Belfast Telegraph

Patients suffer for third night amid Ambulance Service staffing crisis in Northern Ireland

The NI Ambulance Service struggled to find enough staff to cover shifts at the weekend
The NI Ambulance Service struggled to find enough staff to cover shifts at the weekend
Medical Director: Nigel Ruddell

By Lisa Smyth

The Northern Ireland Ambulance Service has experienced significant staff shortages for the third night in a row.

However, it did not seek assistance from colleagues in the Republic last night, as happened on Friday and Saturday.

Dr Nigel Ruddell, the medical director of the Northern Ireland Ambulance Service (NIAS), said it was expecting 20% of crews to be unavailable last night.

But he said measures were in place, including using voluntary and private ambulance services, to help plug the gap.

"We are doing everything we can to provide as high a level of cover as we can," he explained.

"We are going to prioritise those calls which have the most critical need.

"Unfortunately, those people who have a less critical need are the ones who will wait longer, and we apologise for that."

One paramedic said he feared colleagues would find it impossible to provide a safe service throughout the night, particularly in Belfast, where upwards of 10,000 people were expected to attend the last night of the Feile in the west of the city.

"The simple fact is there aren't enough of us to respond to the calls we're getting," he said.

"We're being slaughtered, it's no wonder so many people are off sick."

NIAS bosses were forced to draft in ambulance crews from the Republic to work in Newry and Londonderry overnight on Friday and Saturday.

In June, a paramedic working in the Newry area claimed patients were dying in front of his eyes because of a dangerous lack of ambulances and staff.

According to the health service employee, in one particularly distressing incident several months prior to speaking out, a woman in her 70s suffered a stroke and went without vital treatment because she waited so long for an ambulance.

"We are heading, if we're not already there, towards a cliff edge," he said.

"It's major incident time, I believe.

"Management don't want to have to hit that nuclear option, but it's upon us now.

This can't go on," the whistleblower added.

Meanwhile, in May, another paramedic said his colleagues were being pushed to the brink of suicide by their working conditions.

The NIAS employee posted a scathing Facebook message accusing management of treating staff with contempt.

The devastating post urged bosses to act urgently to address working conditions "before you wake up to a headline some day that will haunt you for the rest of your days".

He was subsequently stood down from duty by NIAS bosses.

Paramedics have claimed they can work entire shifts without toilet or food breaks and that working conditions are driving a growing number of NIAS staff to go on sick leave.

As NIAS bosses appealed for staff to come in and help out over the weekend, one paramedic said: "We've been telling them for months that we're heading for a crisis and look what has happened.

"Yes, sick levels are high but is it any wonder with the way we're working and the way we're being treated?

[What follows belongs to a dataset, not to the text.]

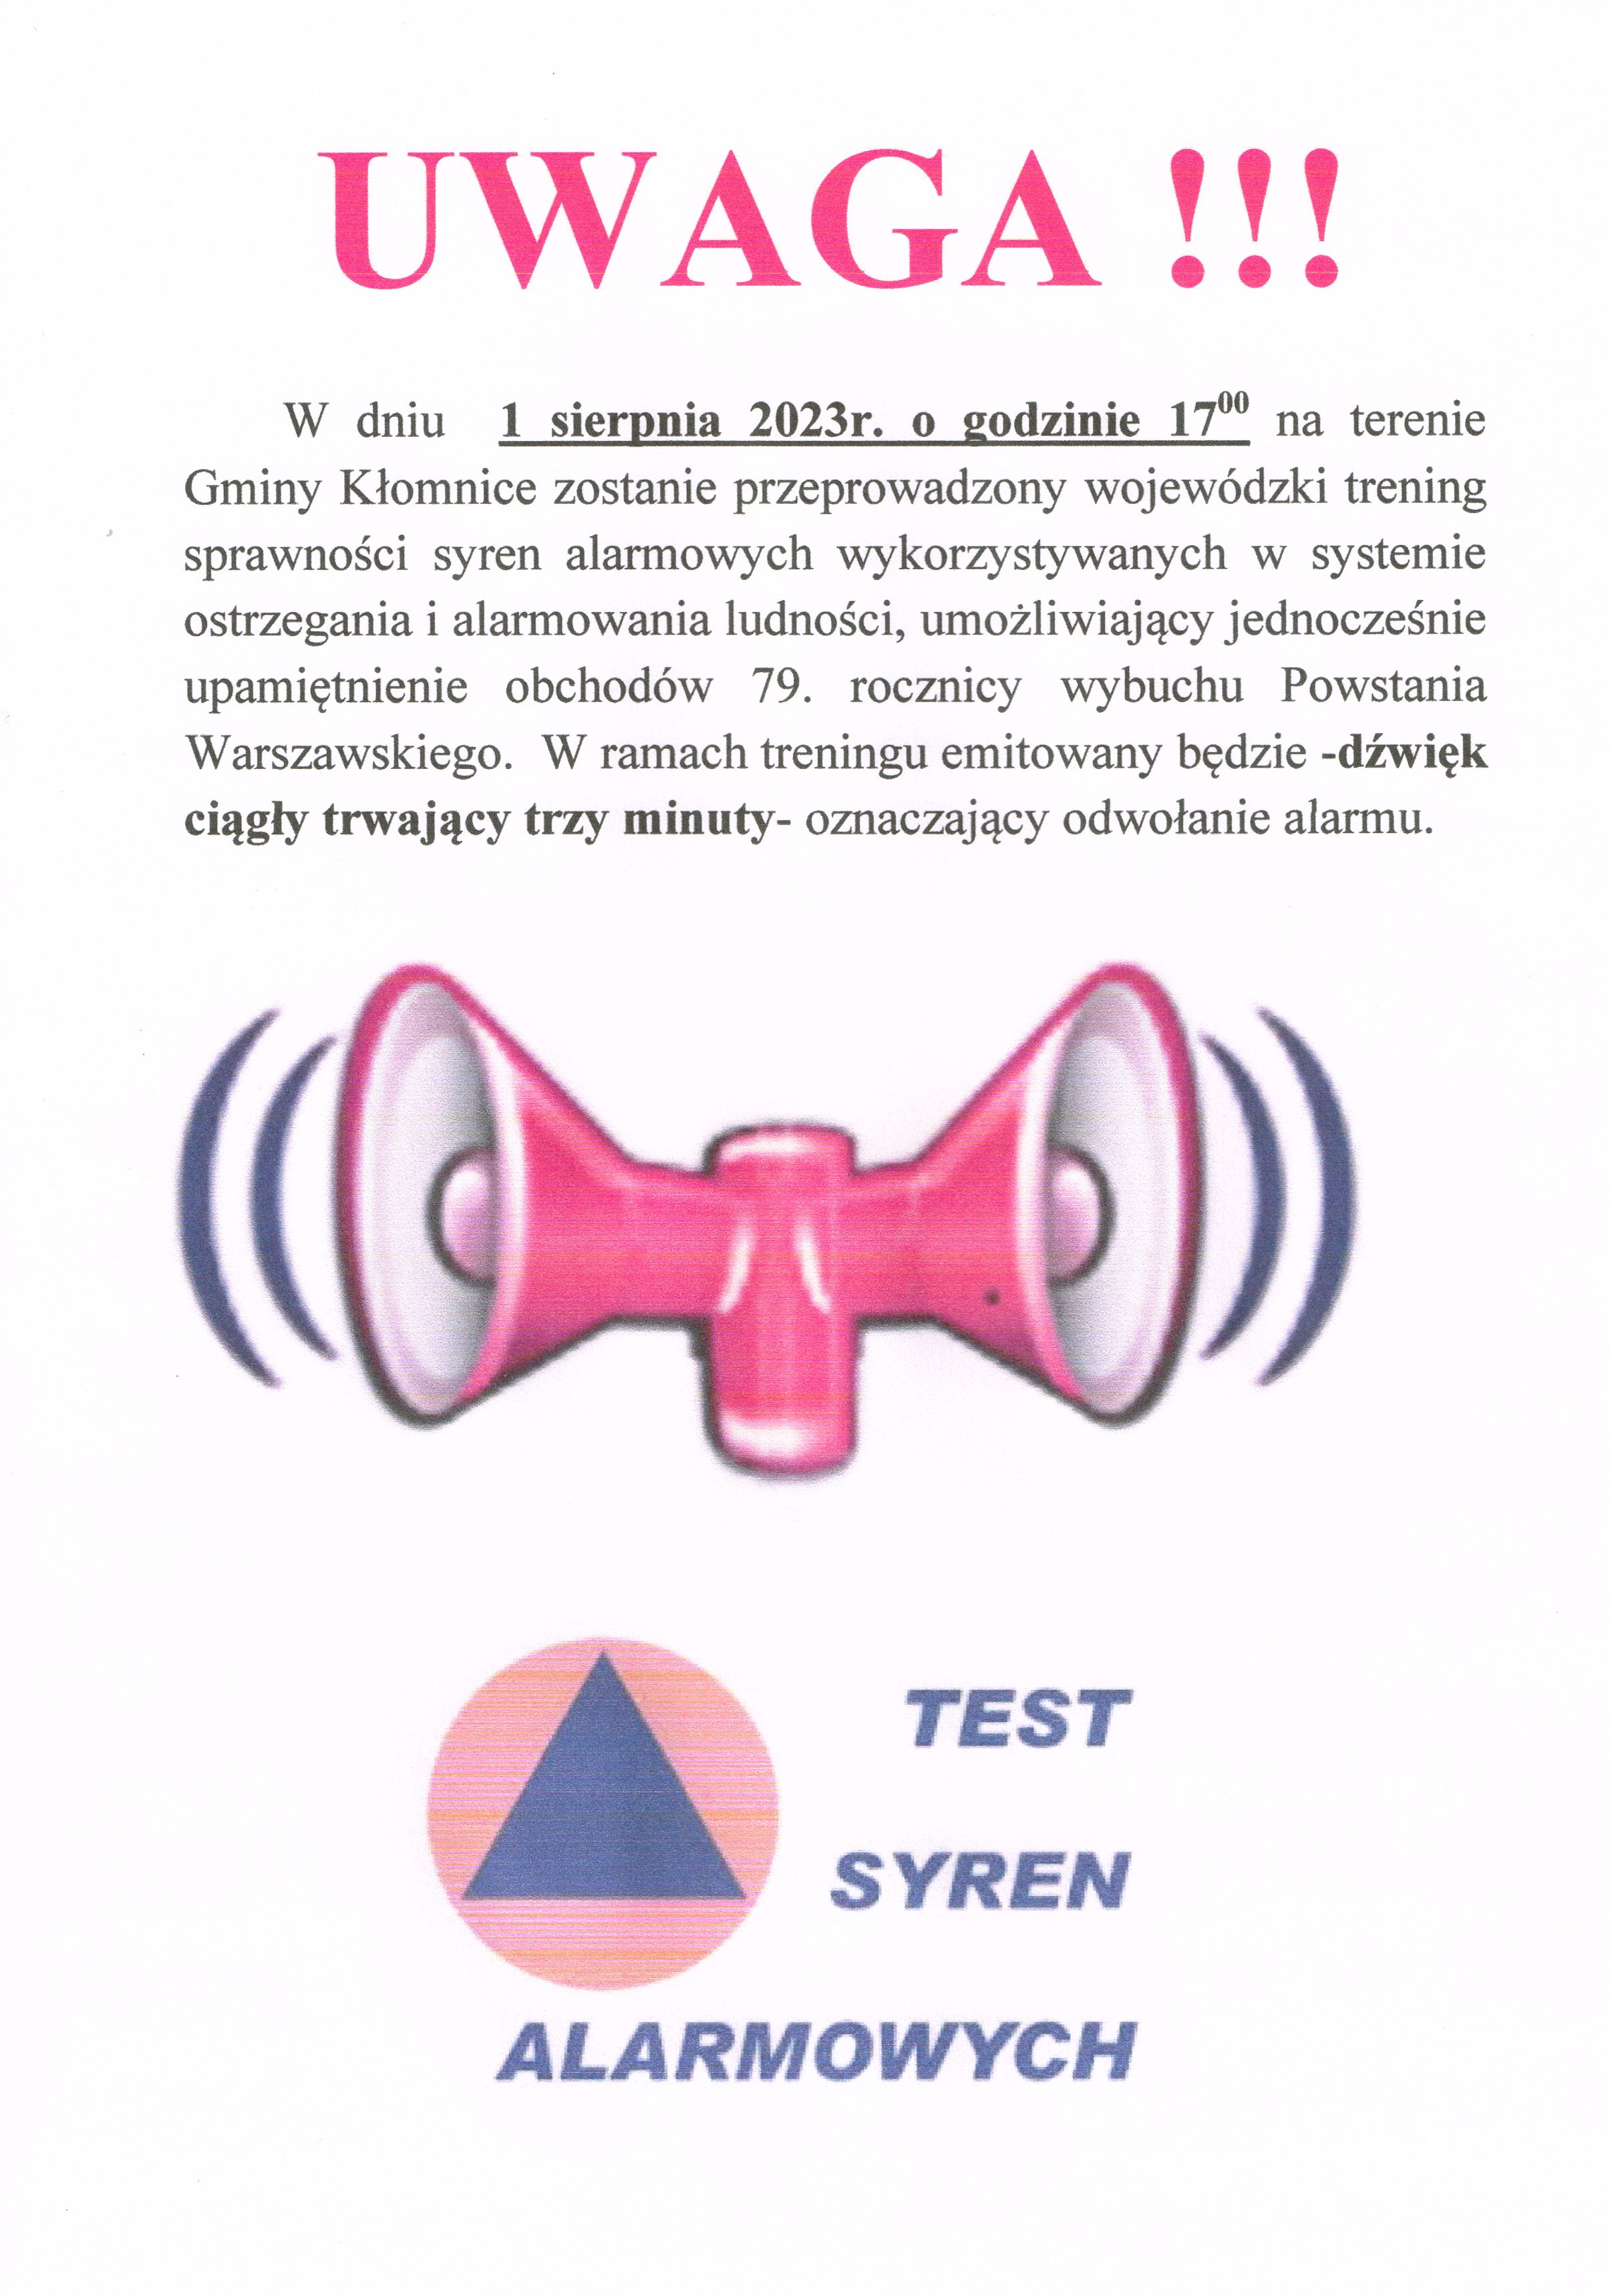 Test syren 1.08.2023 godz. 17:00

"It's a nightmare, people are just being burnt out, they can't take any more."

NIAS implemented a number of measures over the weekend to try and meet demand on the service.

This included the option of turning to the air ambulance for assistance, although it is not known whether this was required over the weekend.

Special staff have been working in emergency departments across the province to help reduce the length of time it takes for paramedics to hand over patients to staff in hospital casualty units.

NIAS also said it would provide food and refreshments for ambulance crews and control staff throughout the weekend.